When I looked at the consequences of his information, I could not find it in me to regret it. For, extraordinary as it may seem, I was and am convinced that my parents decided to go to India and to refrain from revisiting England largely because they did not want to upset me and my domestic arrangements. I can see, objectively, how extraordinary it is to read such mighty meanings into what my father wrote, but nevertheless, knowing my parents, I am sure that I was right. They did not wish to cause me or themselves pain, embarrassment, or even mere inconvenience by their return, so they went to India instead. I think, too, that they wished me to understand this, or they would have gone, just gone, without mentioning Protheroe's name. His name was there to give me the terms of their departure: perhaps as the mildest of reproaches, but more
likely as an indication of the seriousness of their intent. Their behaviour seemed natural to me, for I am their child, but I have speculated endlessly about whether or not they were right. Such tact, such withdrawal, such avoidance. Such fear of causing pain, such willingness to receive and take pains. It is a morality, all right, a well-established, traditional, English morality, moreover it is my morality, whether I like it or not. But there are things in me that cannot take it, and when they have to assert themselves the result is violence, screaming, ugliness, and Lord knows what yet to come.

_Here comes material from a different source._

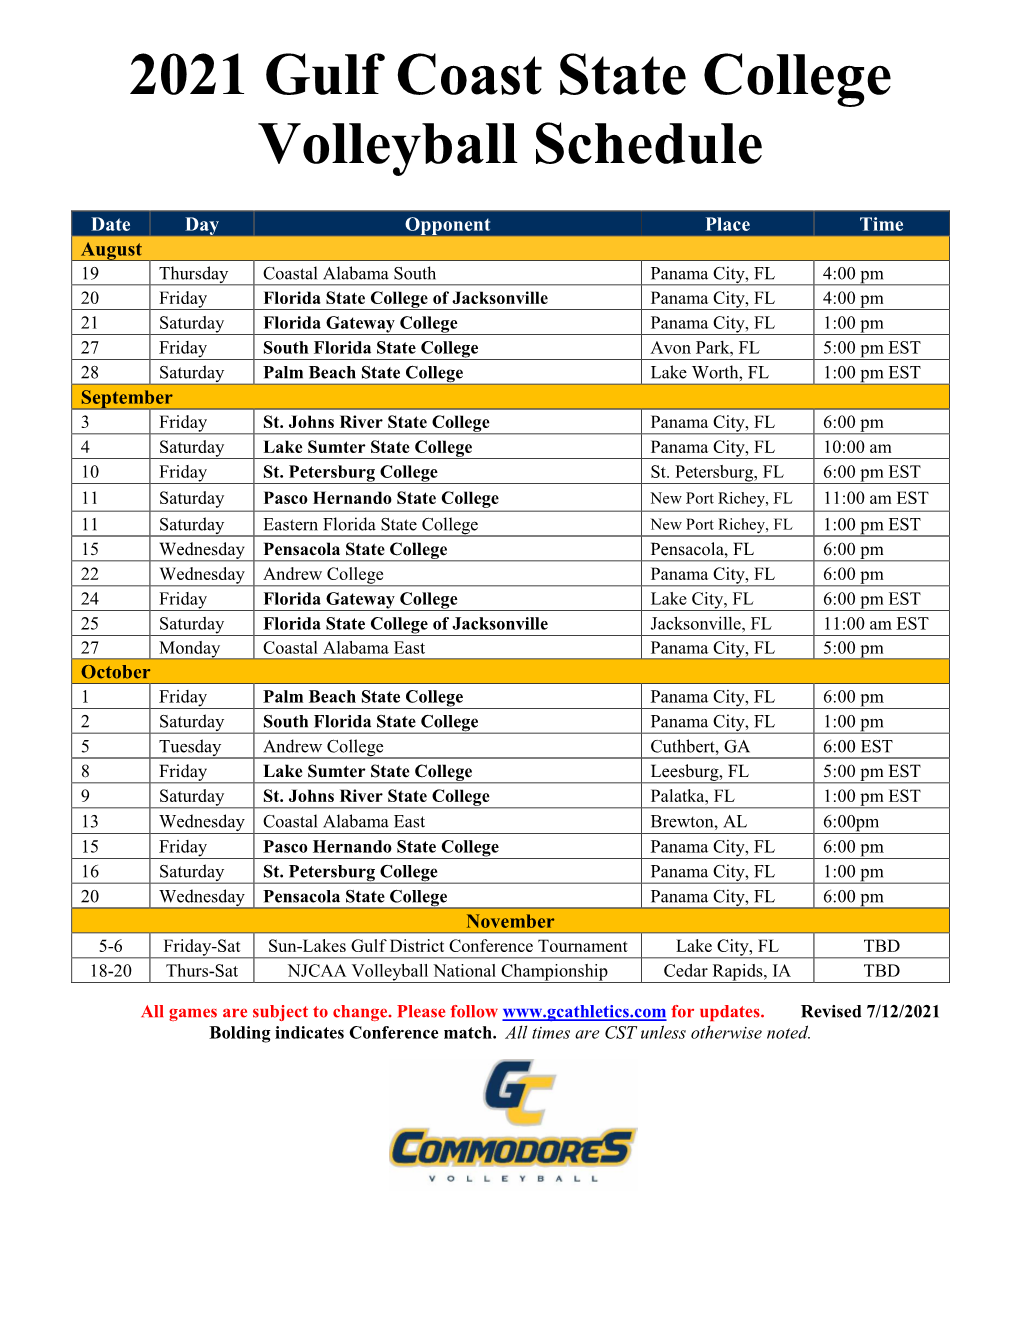 2021 Gulf Coast State College Volleyball Schedule

As a child, I used to endure any discomfort rather than cause offense. I would eat things I loathed, freeze to death in underheated sitting rooms, roast under hair dryers, drink in cafés from chipped and filthy cups, rather than offend hosts, waitresses, hairdressers. To me the pain of causing trouble was greater than anything that I myself within myself could endure. But as I grow older, I find myself changing a little. Partly it is because, with Octavia, I cannot inflict all hardship on myself alone: what I take for myself, she gets too. And so I was glad that my parents went to India; the physical comfort of their absence was greater to me than the mental disquiet of considering that they had taken so large a decision on my account. There was a time when this would not have been so; I sat at the kitchen table with the letter still open in front of me, and contemplated my growing selfishness, and thought that this was probably maturity. My parents are still children, maybe: they think that they can remain innocent. Or that is one way of looking at it. From another point of view, a more warm and fleshly point, they are perhaps as dangerous and cruel as that father in Washington Square.